Social media and your injury case

When you are injured at work, or the victim of someone else’s negligence, something you might not think about is how your Facebook or other social media can affect your rights to recover for your injuries.  Many people think that what they post on social media is only to be seen by their friends. However, when you are involved in a personal injury lawsuit or a workers’ compensation case, the Judge in Oklahoma can require that all of your posts be made available to the insurance company’s attorneys!  

This is exactly what happened to a man who filed a lawsuit in Washington County, Oklahoma.  Despite his attorney objecting to providing Facebook information, the Judge entered an order for the man to log into his Facebook account and download ALL his posts, photos and videos, comments and events and then provide the downloaded file to the attorneys for the person that had injured him.  Notice the order said ALL, not just posts on the date of the accident or posts after the accident. The order did not limit the information to items relevant to the person’s injuries, but ALL his posts, photos and videos, comments and events. Hard to believe that after being the victim of an injury, then having to file a court case to ask to be compensated for the damages received, that the victim now has to do what to most people would see as an invasion of their privacy by providing all posts, whether they have anything at all to do with the court case, to the person who was negligent in the first place.

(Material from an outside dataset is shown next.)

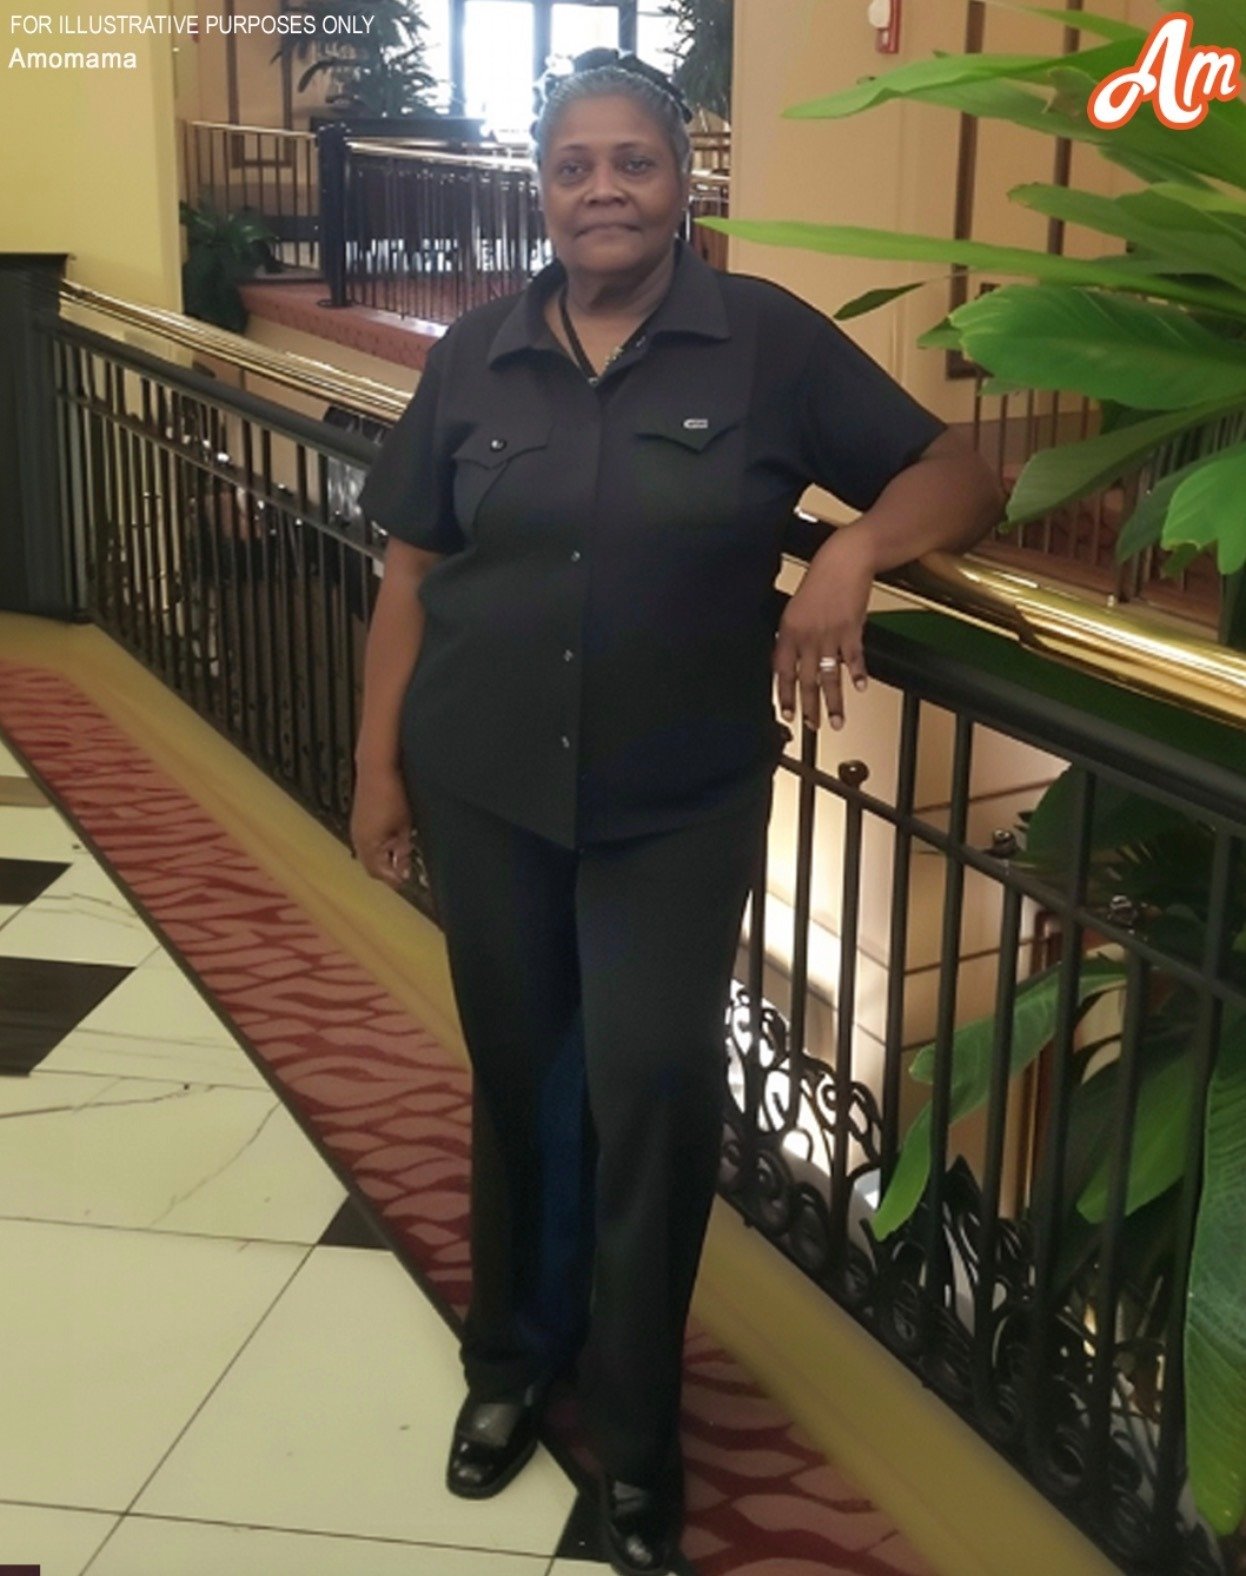 Entitled Hotel Guest Ridiculed My Mother Who Works as a Housekeeper, so She Taught Her to Never Underestimate Housekeeping Again

Remember if you are the victim of someone’s negligence, or suffer an injury at work, the attorney for the other side may be reading everything you post.  Be very deliberate when you do post to only say what you would say if you were testifying in court before a Judge, because your post may end up being shown to the Judge or jury.  Not sure what a Judge or jury would think about your post? Ask your attorney BEFORE posting. When in doubt, don’t post or comment on social media.

If after reading this article you think you need to delete some things on your social media, don’t do anything until you talk to your lawyer.  You will want to ask the attorney about “spoliation of evidence” and that is the subject of another post, but let’s just say it is BAD and can involve SANCTIONS along with other undesirable consequences.